Source data:
━━━━━━━━━━━━━━━━
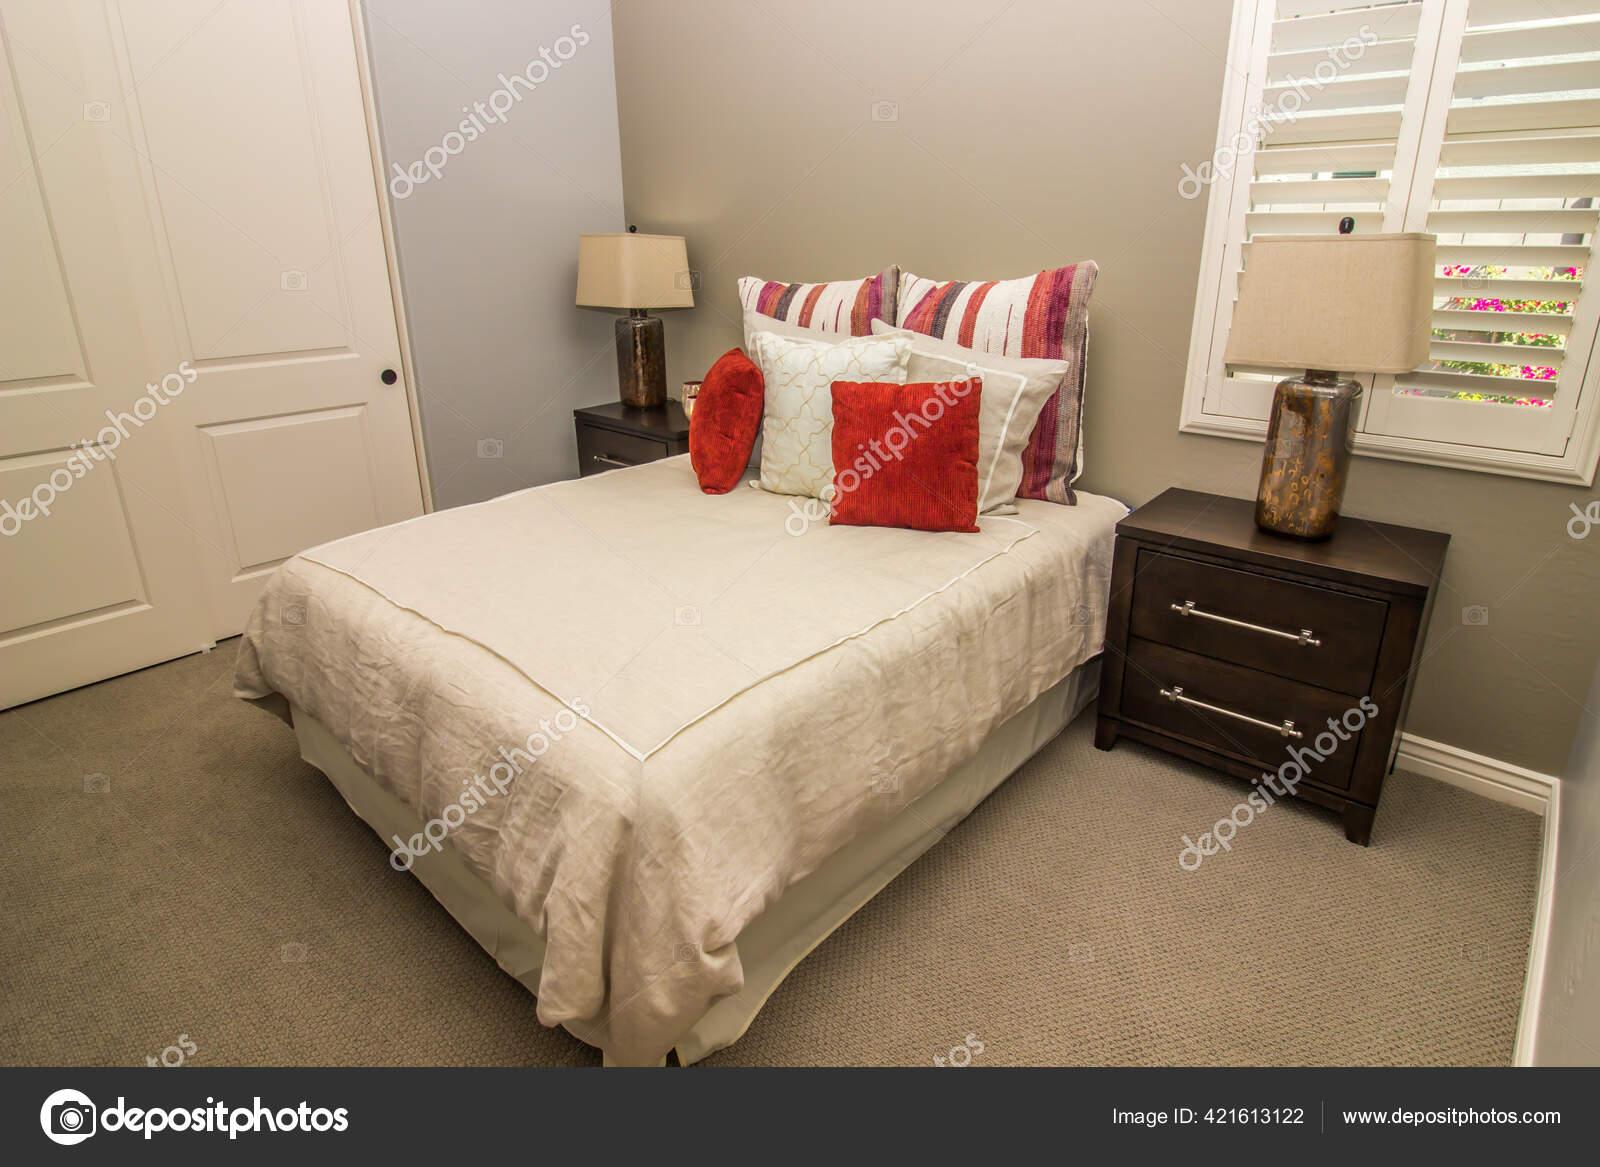 Modern Bedroom Bed Nightstands Lamps Stock Photo C Weezybob5 421613122
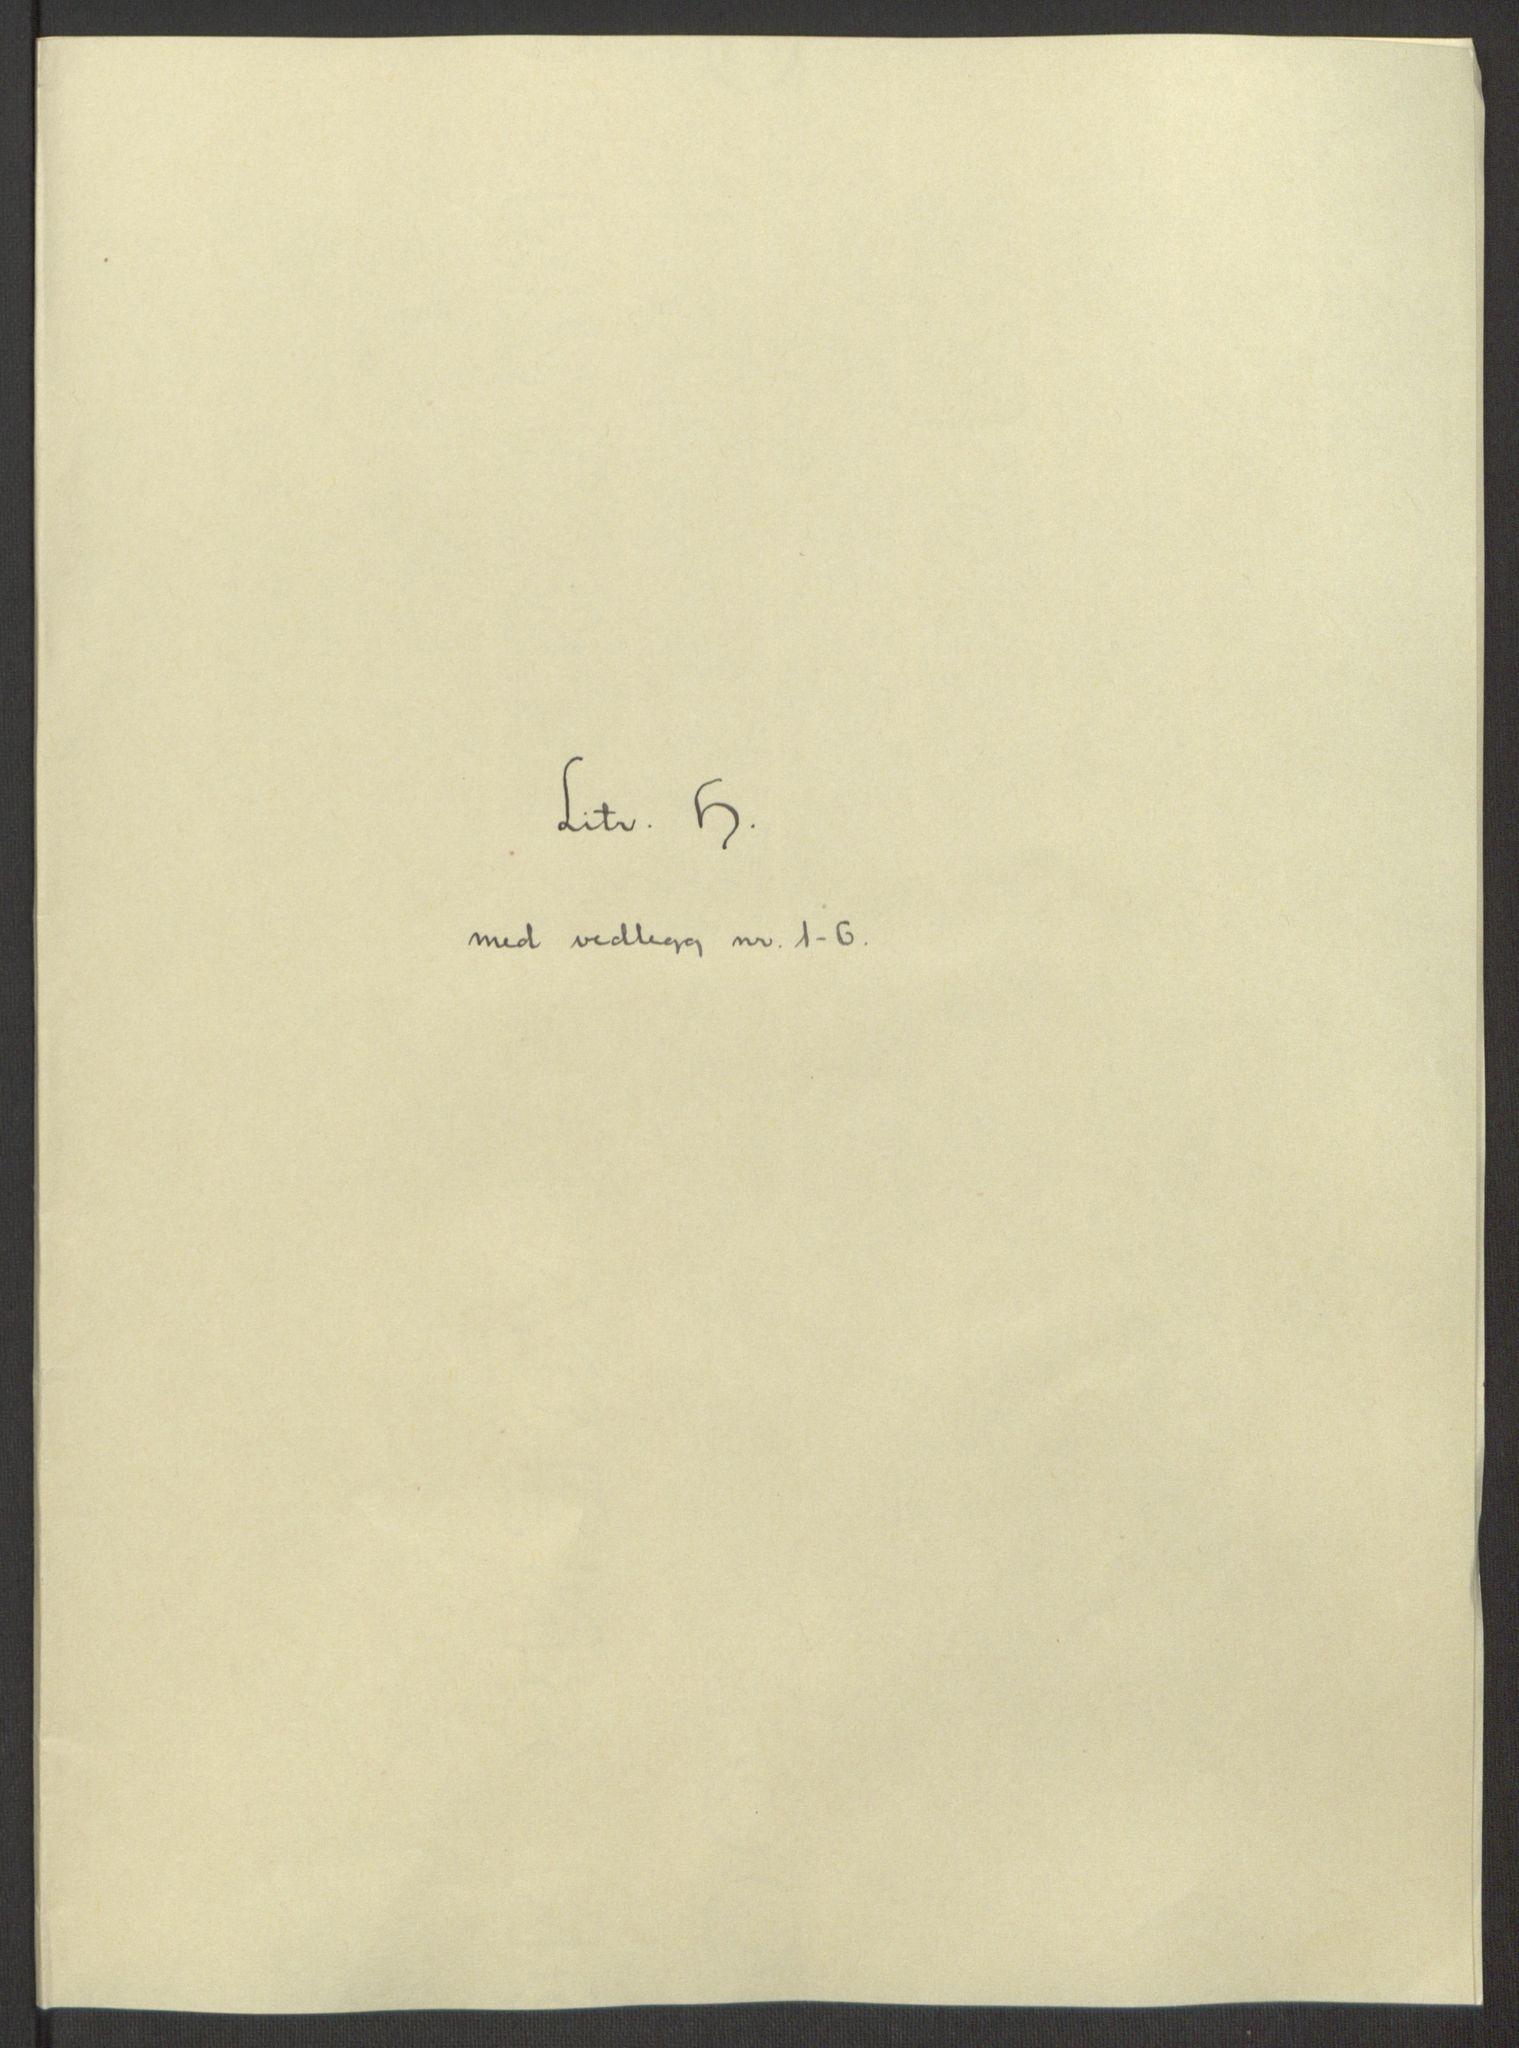 RA, Rentekammeret inntil 1814, Reviderte regnskaper, Fogderegnskap, R64/L4423: Fogderegnskap Namdal, 1690-1691, s. 241
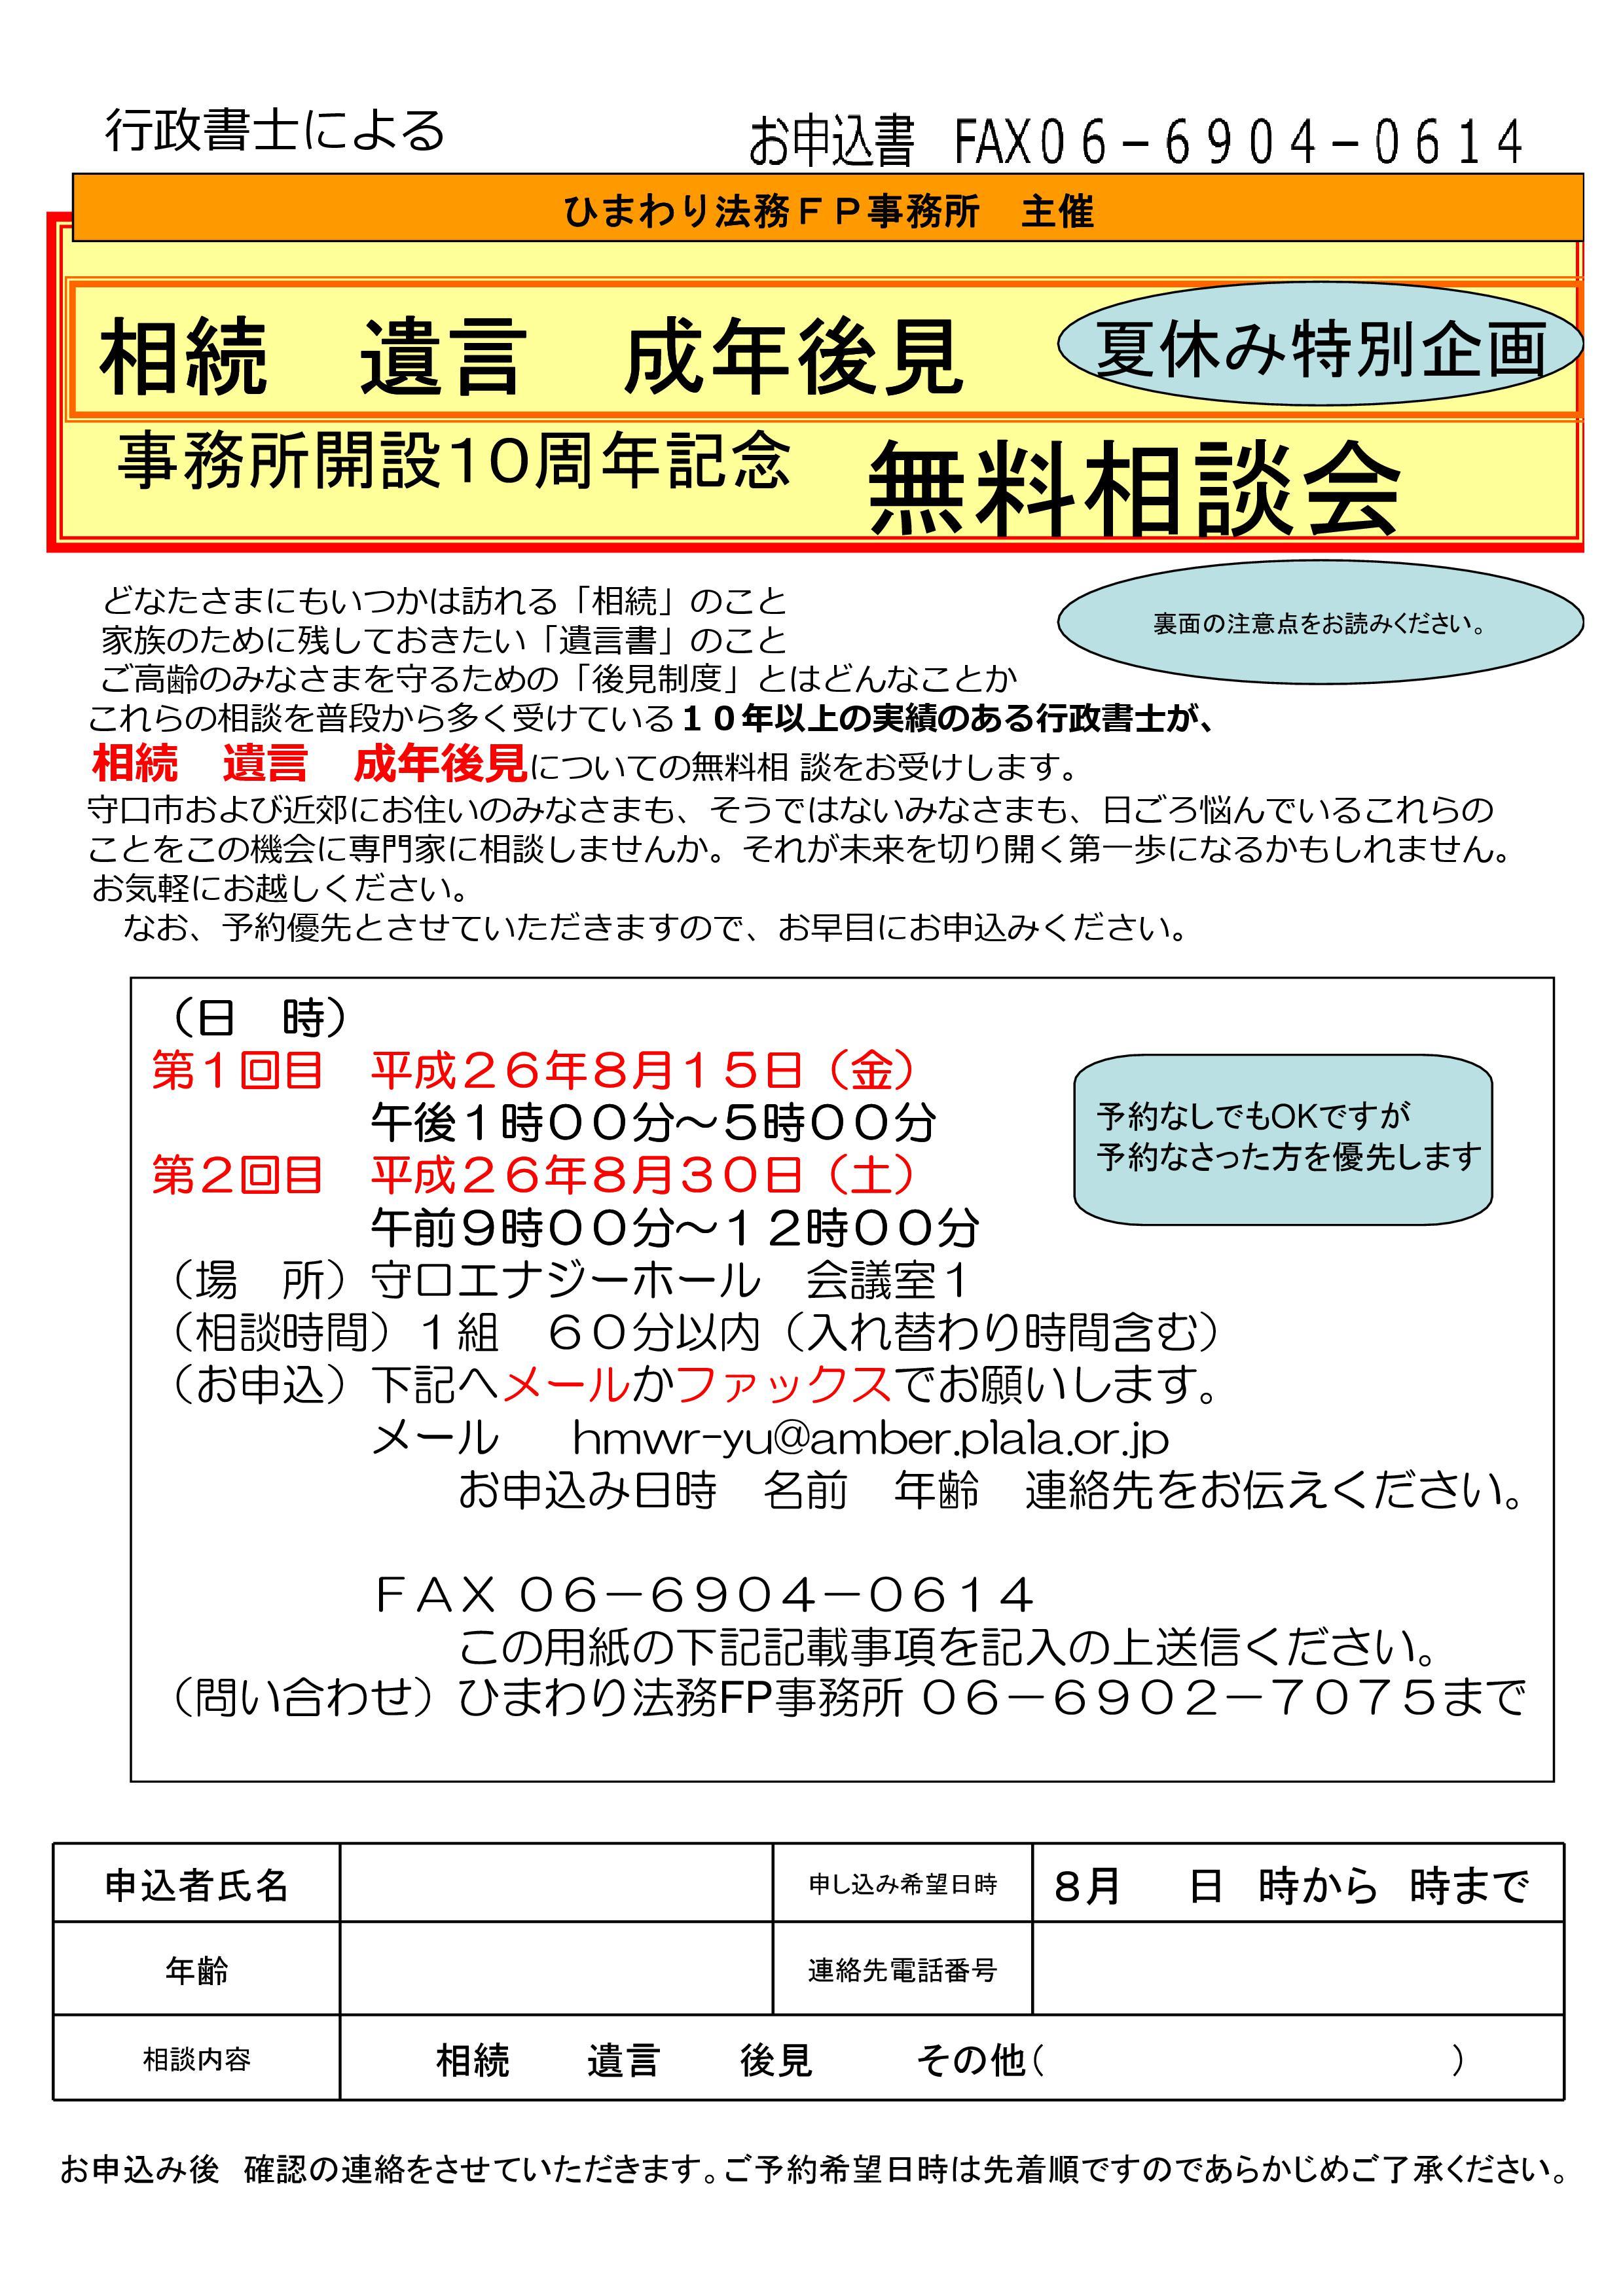 無料相談会 案内チラシ ひまわり法務 守口エナジーホール-001.jpg
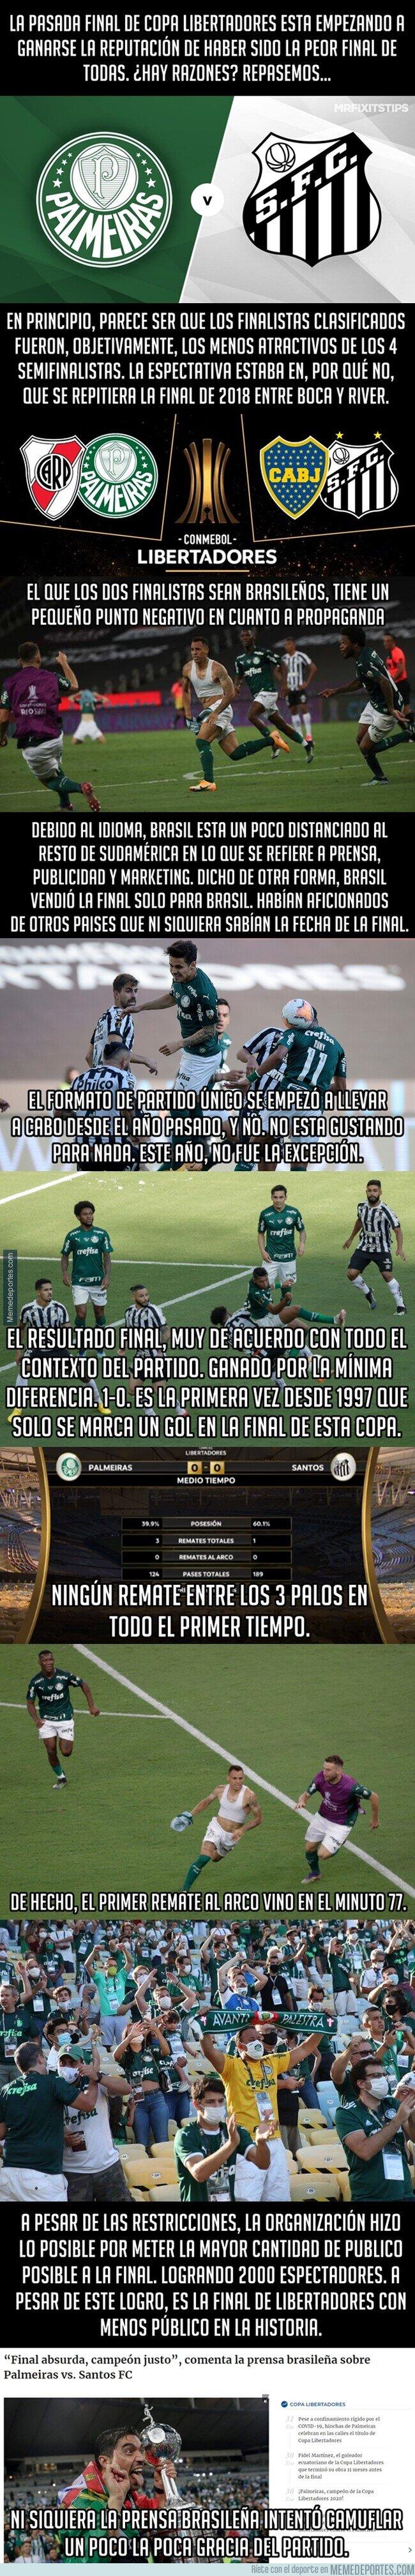 1126780 - ¿Fue esta final de Copa Libertadores la peor de todas?
━━━━━━━━━━━━━━━━
What is needed:
Copy all the data exactly as written, but skip any picture.

Exercise solution:
 Modern Bedroom Bed Nightstands Lamps Stock Photo C Weezybob5 421613122
 RA, Rentekammeret inntil 1814, Reviderte regnskaper, Fogderegnskap, R64/L4423: Fogderegnskap Namdal, 1690-1691, s. 241
 無料相談会 案内チラシ ひまわり法務 守口エナジーホール-001.jpg
 1126780 - ¿Fue esta final de Copa Libertadores la peor de todas?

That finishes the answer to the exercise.